Wow interesting thread you guys!

Unfortunately all of the experiments I've done with node and iOS has been with jailbroken devices. Indeed, V8 is the major problem with this, and it seems like there's no way around it, for the reasons Tim already explained.

From what I understand, libuv works on iOS, cause I've seen pull requests for libuv in the past that addressed iOS problems.

So to answer the original question: No, there haven't been any NodObjC apps accepted into the App Store. You could probably do Cydia if you wanted to go down that road, but most people don't. Feel free to poke those guys in the V8 issue thread, but I don't expect much there, when Apple wouldn't let it be put to use anyways.

[Ted Young]

http://planetnodejs.com/ seems to have been down for a bit.  Not sure who was running it, but I was enjoying it.

Ted 

[Mikeal Rogers]

appears to be up now. it's my app, it runs on nodejitsu.

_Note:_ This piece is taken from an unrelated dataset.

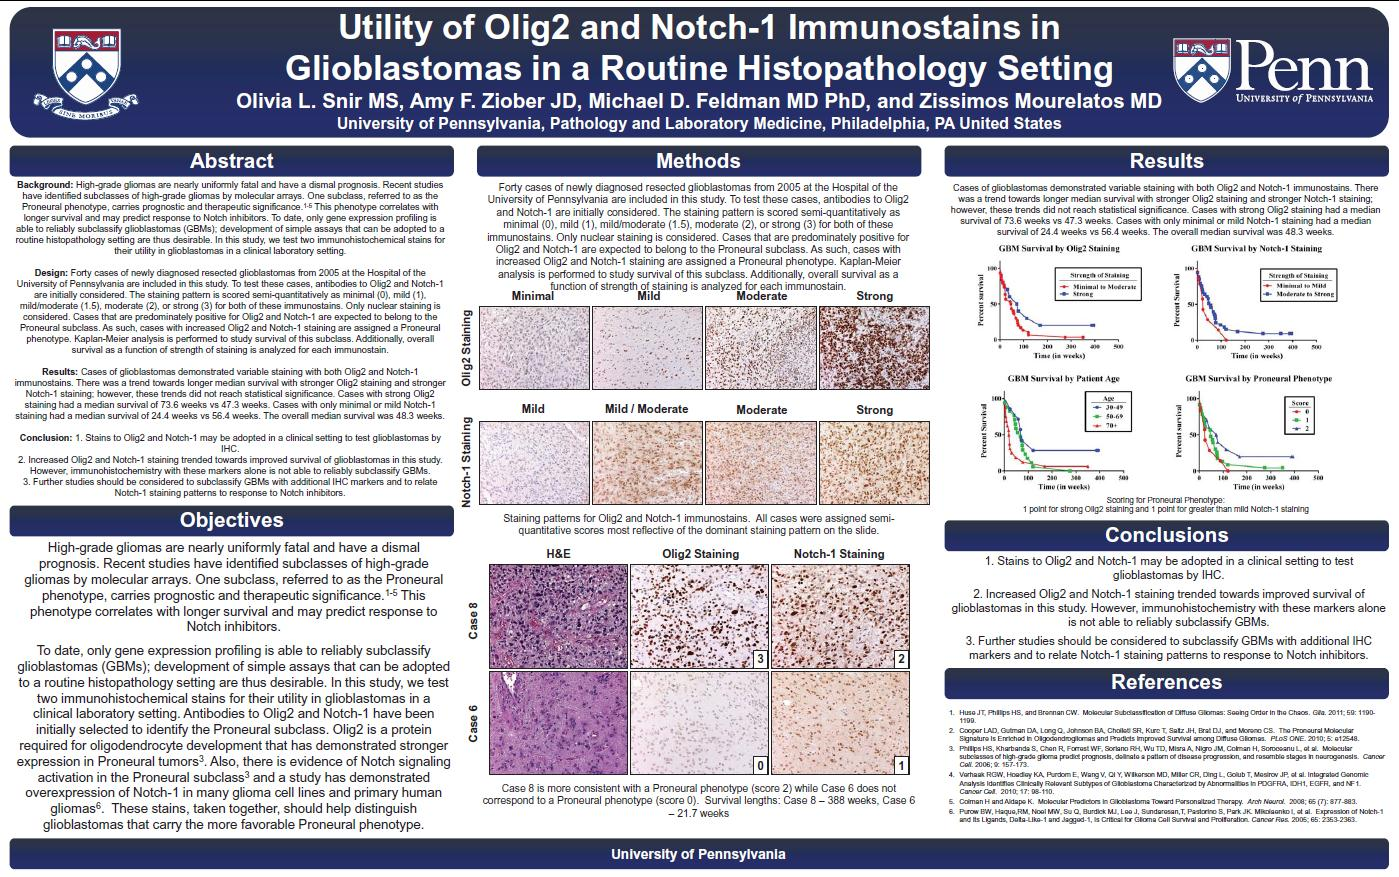 Utility of Olig-2 and Notch-1 immunostains in

On Jun 24, 2012, at June 24, 20127:18 PM, Ted Young wrote:

http://planetnodejs.com/ seems to have been down for a bit.  Not sure who was running it, but I was enjoying it.

Ted 

[Tim Caswell]

On Sun, Jun 24, 2012 at 12:48 PM, Ted Young <t...@radicaldesigns.org> wrote:

Out of curiosity, when running a UIWebView on iOS, is it running full WebKit with JIT enabled, etc, or is there something dumbed down about it?

My understanding is the webviews get only non-jit mode for their javascript engine.  Only Safari gets full jit enabled JSC.  There are several articles about this when this restriction was discovered in 4.3.